Images are not part of the copy; write out the rest of the data exactly as given.

§ DATASET EXTRACT:
━━━━
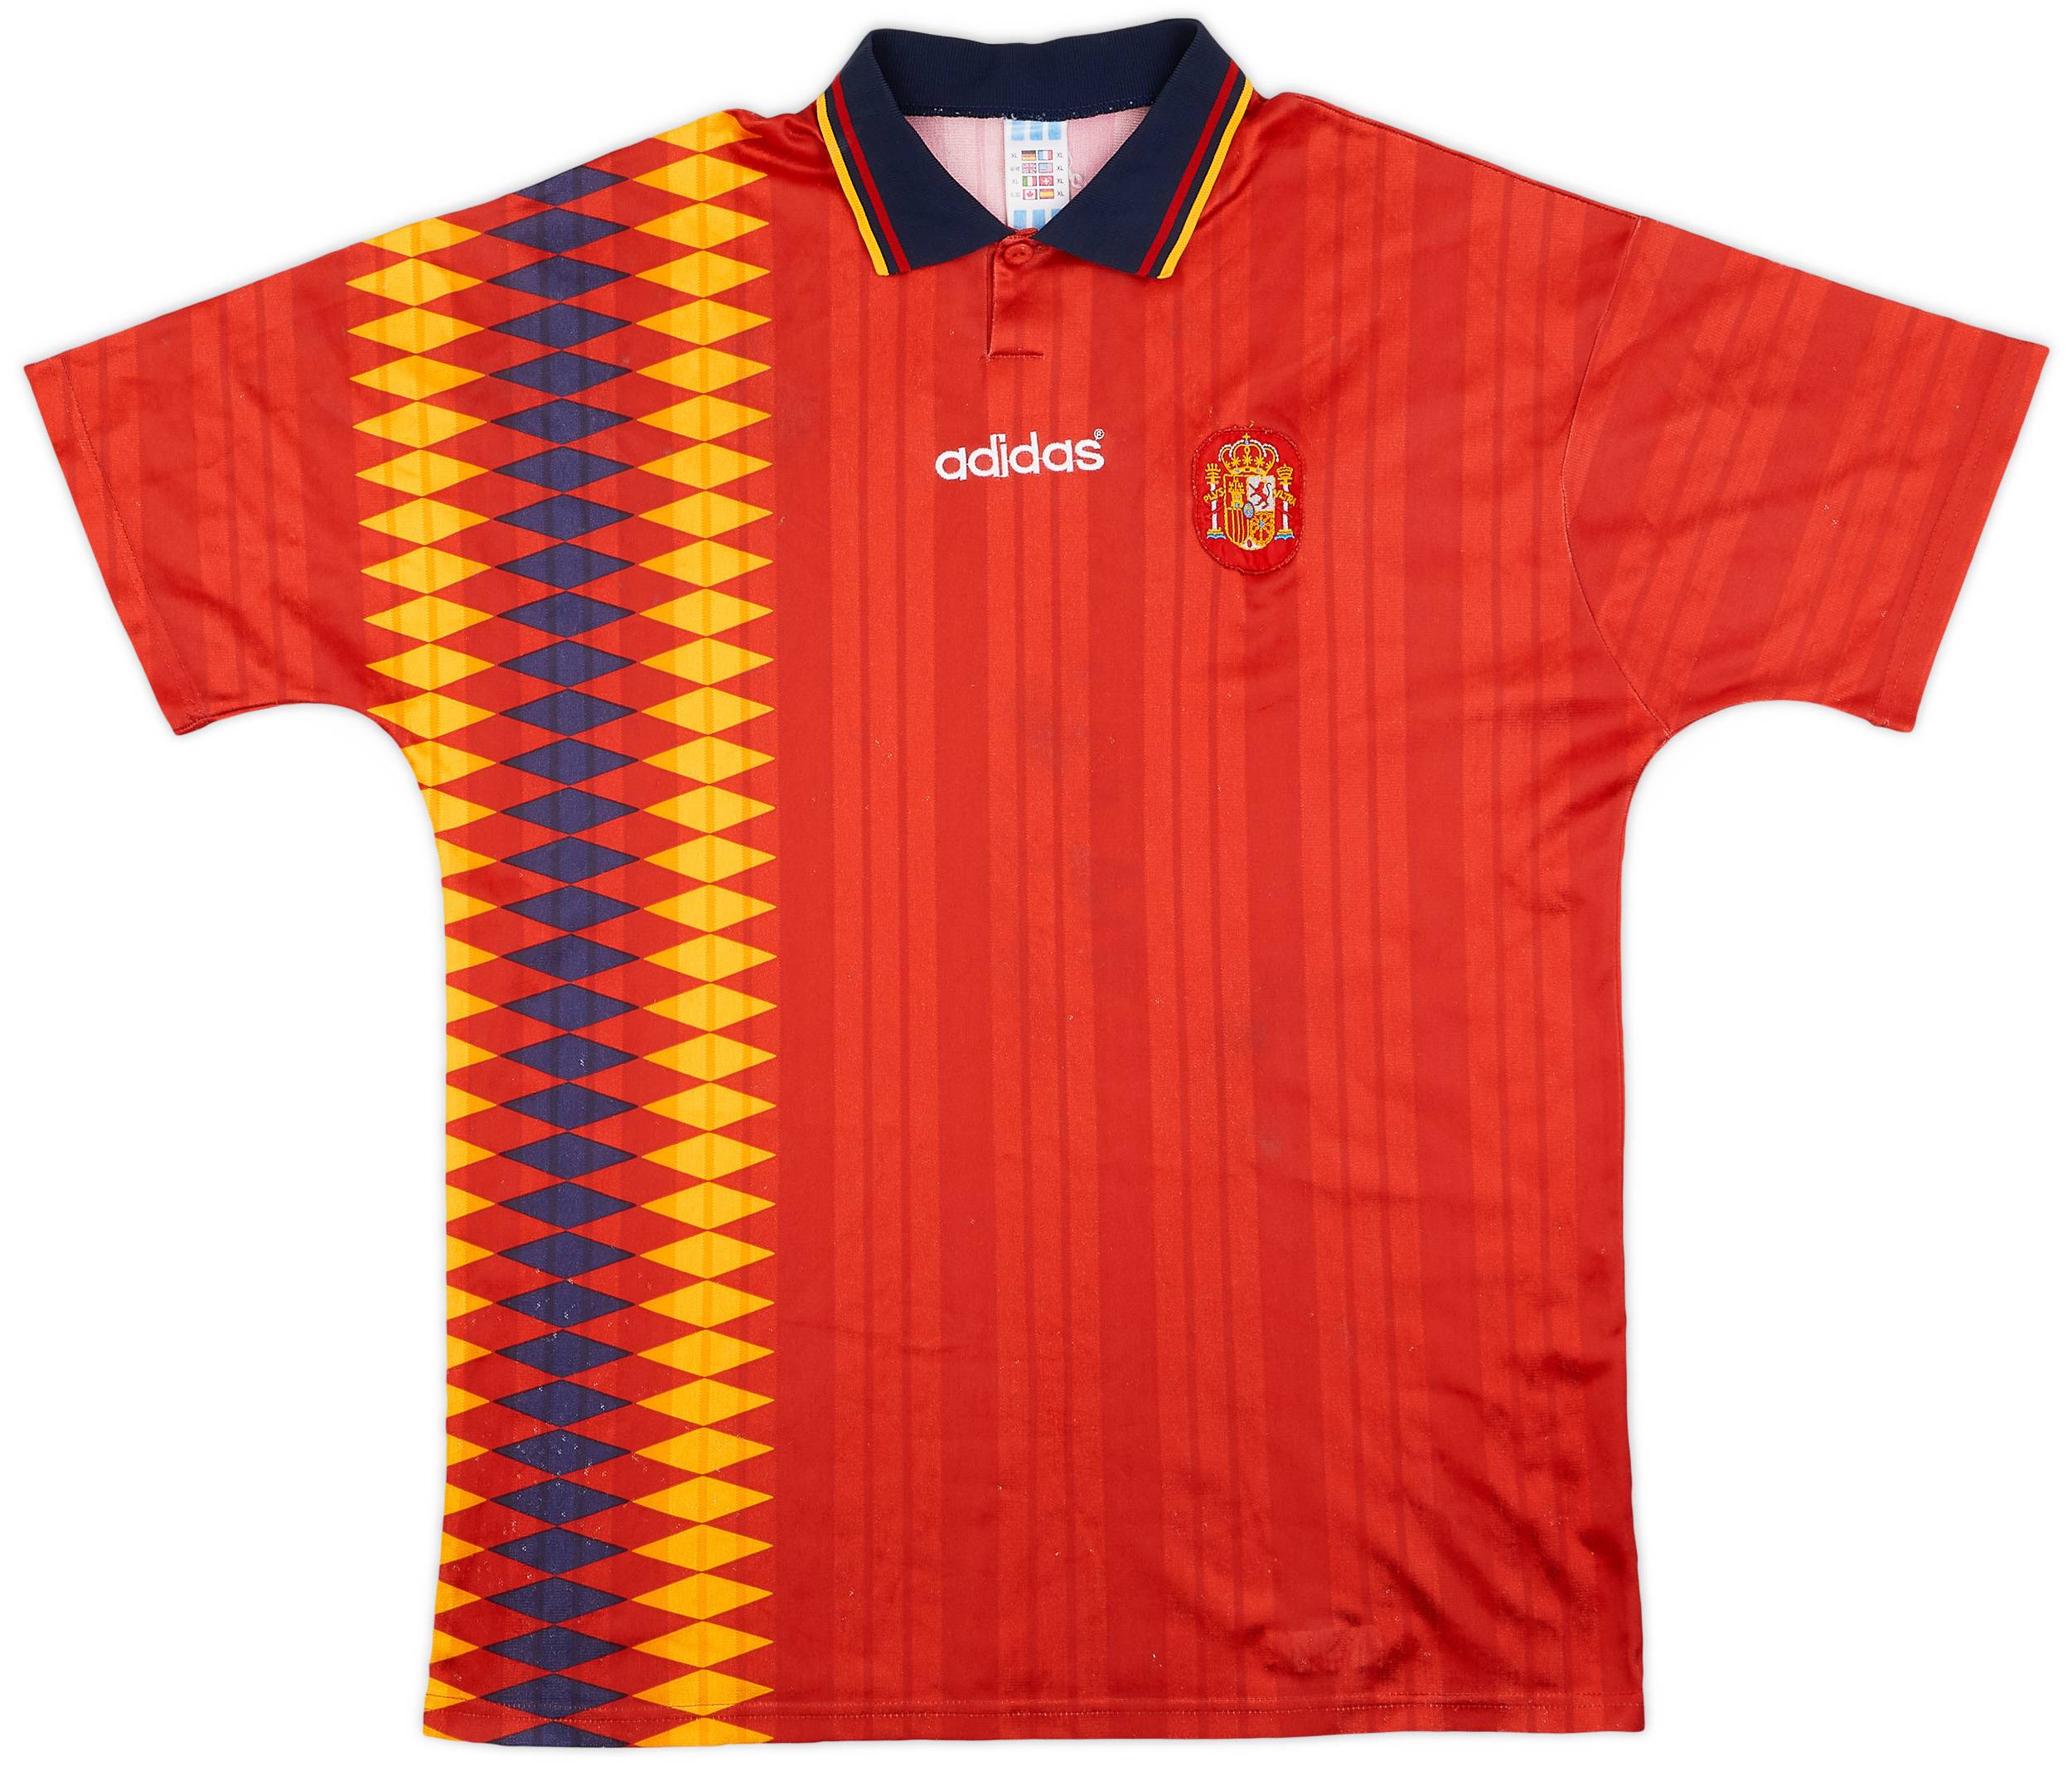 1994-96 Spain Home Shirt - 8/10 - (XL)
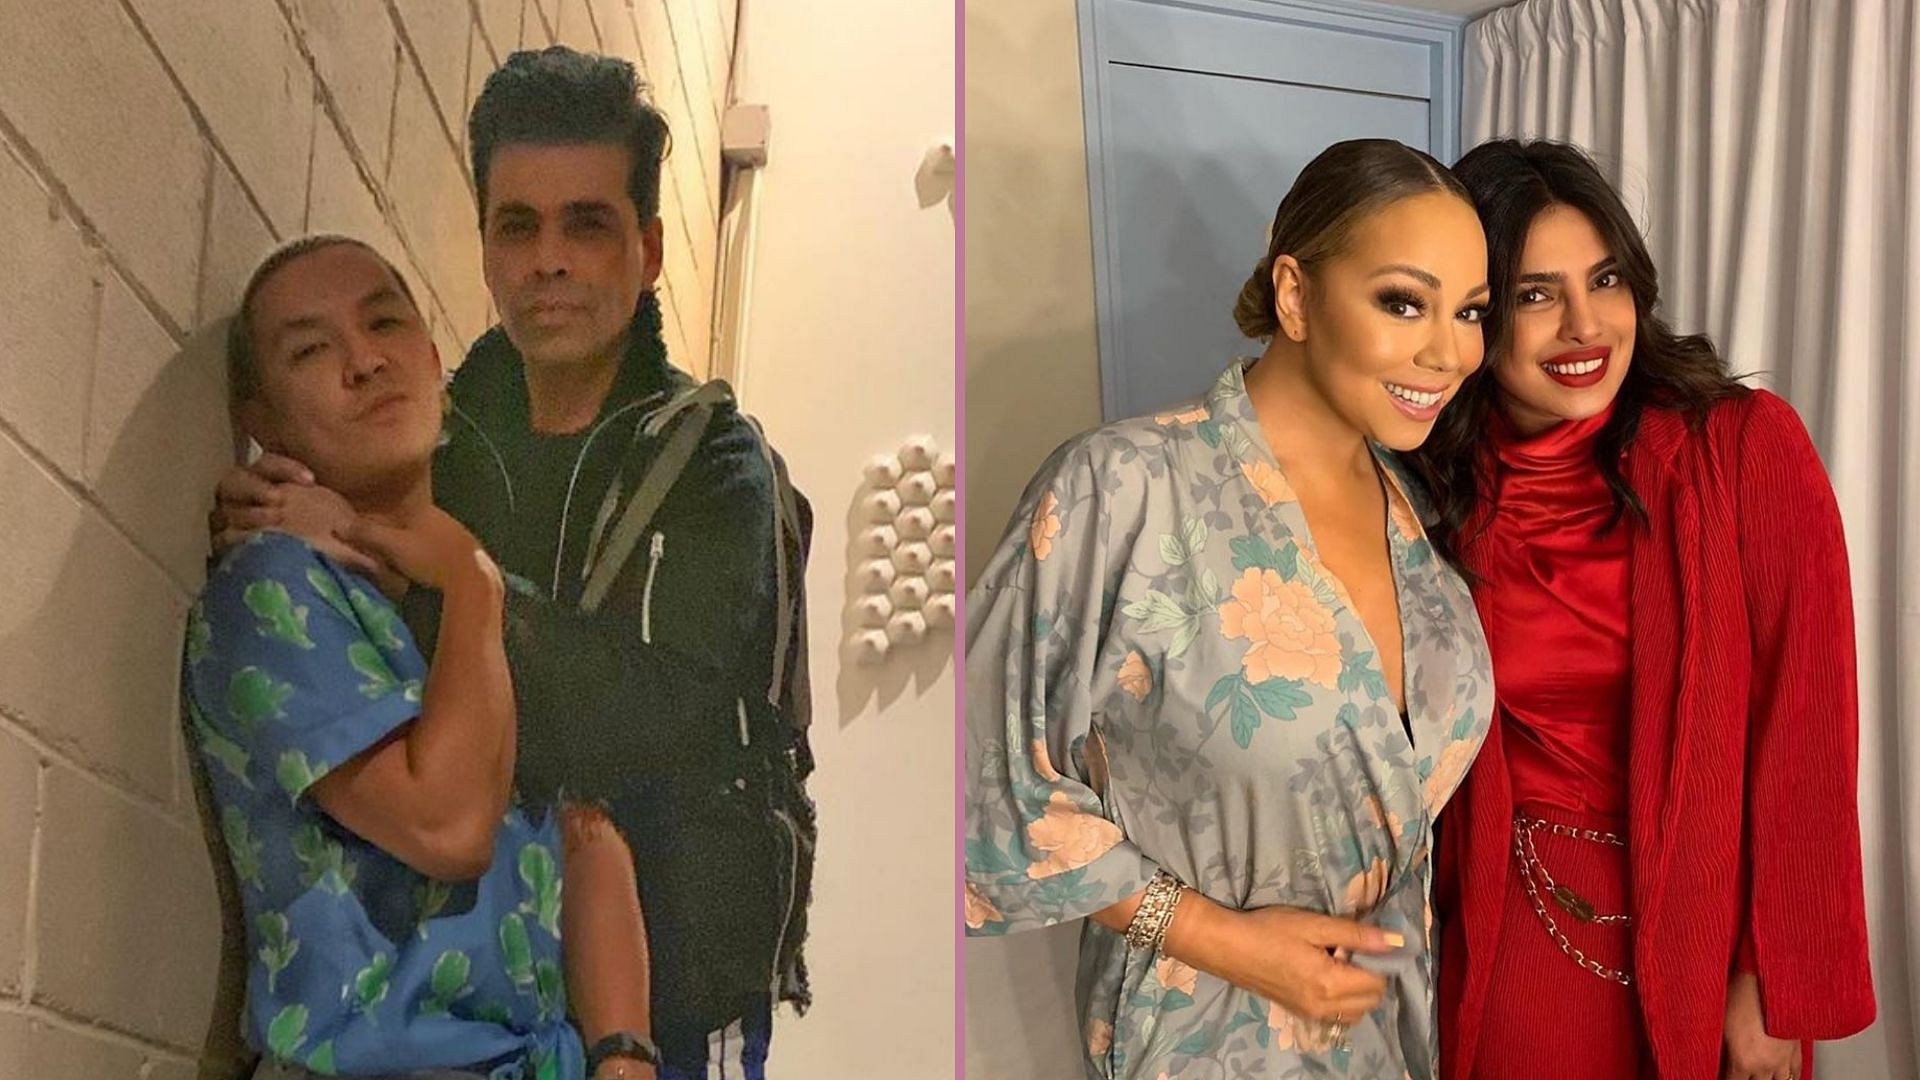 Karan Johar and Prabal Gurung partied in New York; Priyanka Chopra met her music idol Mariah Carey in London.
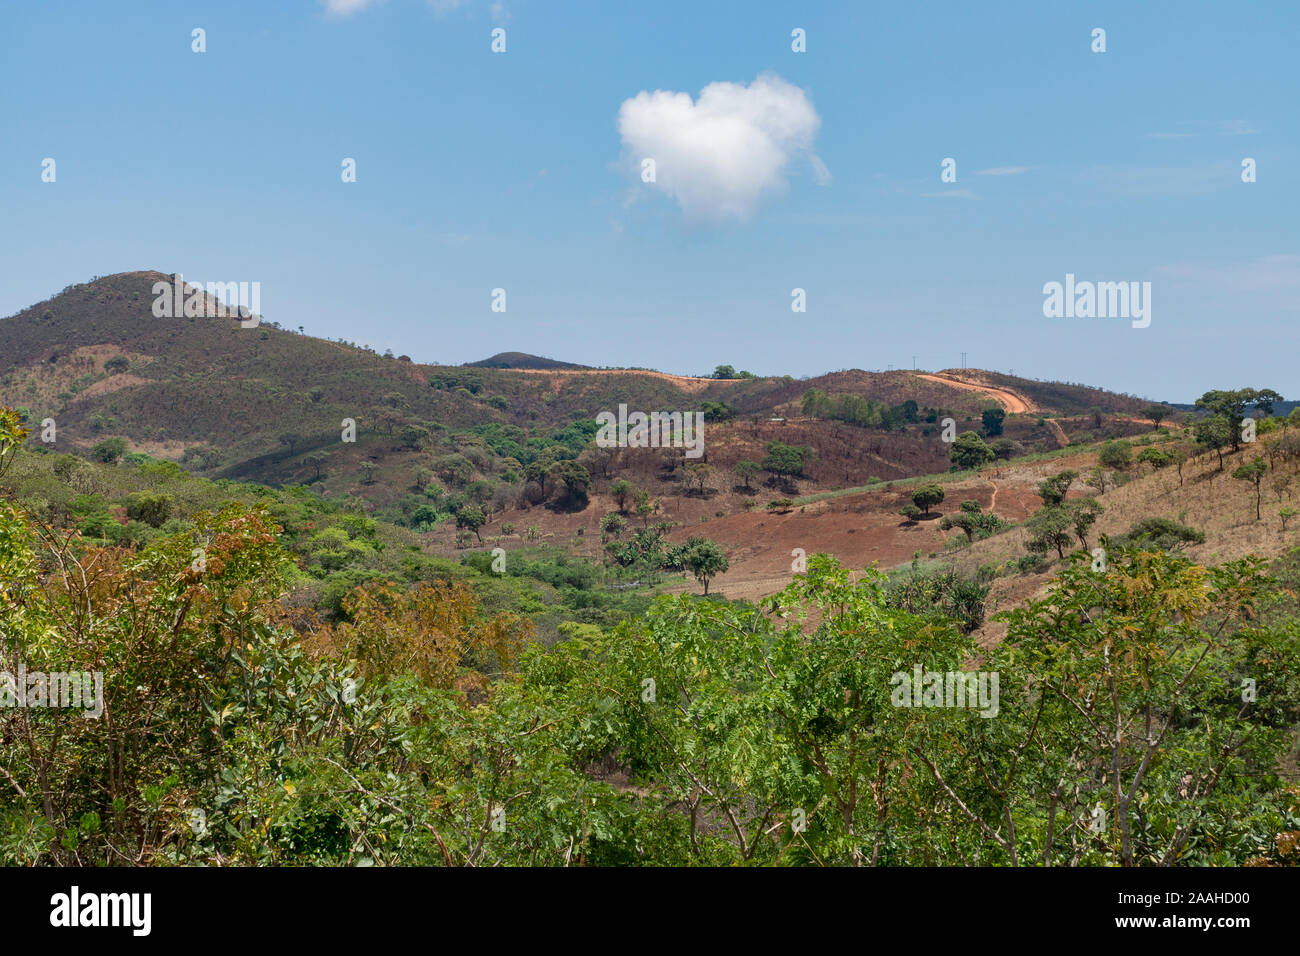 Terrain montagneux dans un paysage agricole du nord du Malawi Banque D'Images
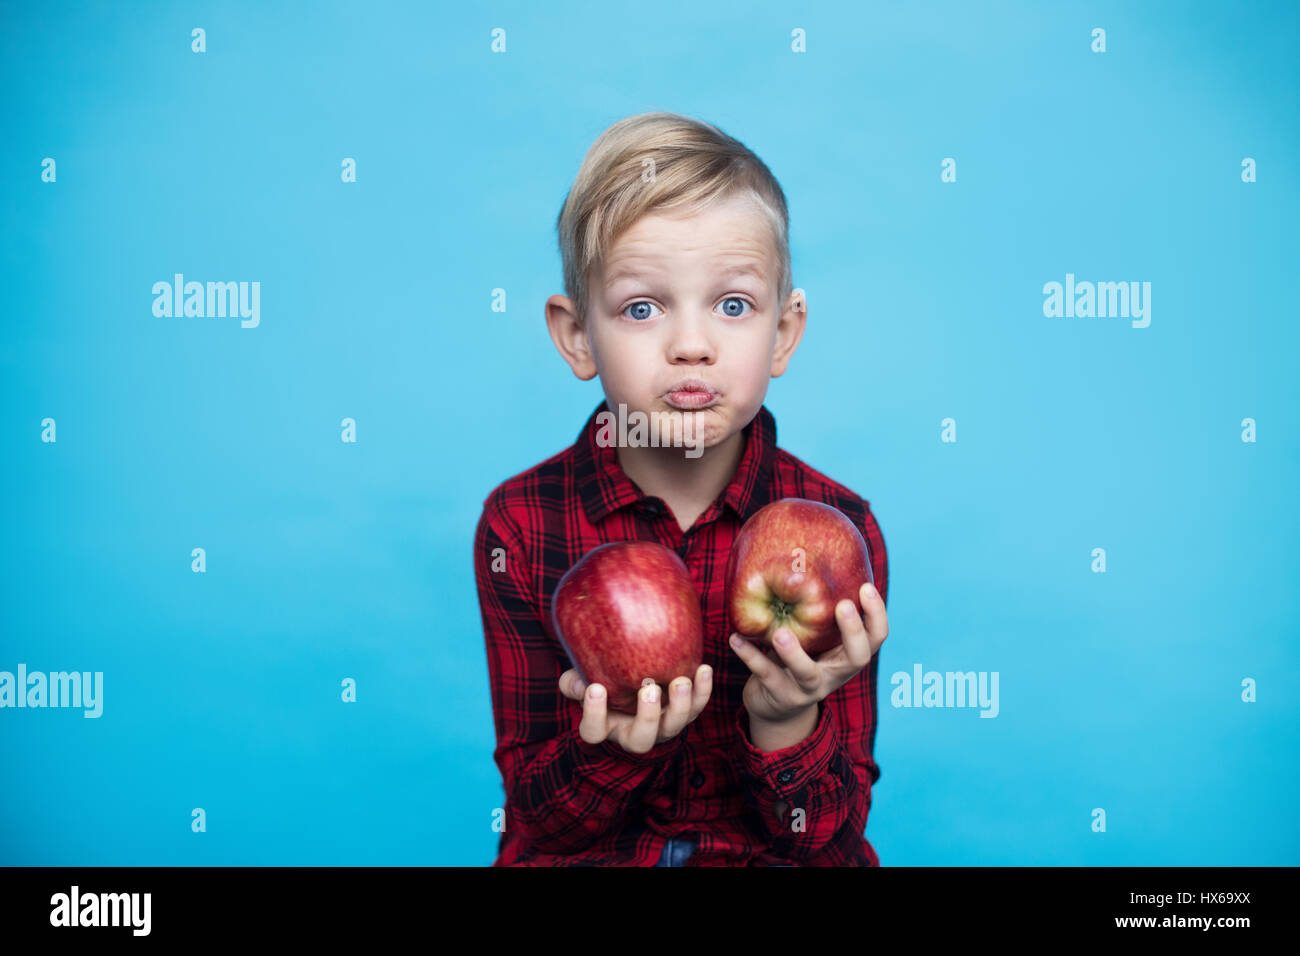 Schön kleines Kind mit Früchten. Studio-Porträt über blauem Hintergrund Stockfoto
━━━━
§ REPLY:
 1994-96 Spain Home Shirt - 8/10 - (XL)
 Karan Johar and Prabal Gurung partied in New York; Priyanka Chopra met her music idol Mariah Carey in London.
 Terrain montagneux dans un paysage agricole du nord du Malawi Banque D'Images
 Schön kleines Kind mit Früchten. Studio-Porträt über blauem Hintergrund Stockfoto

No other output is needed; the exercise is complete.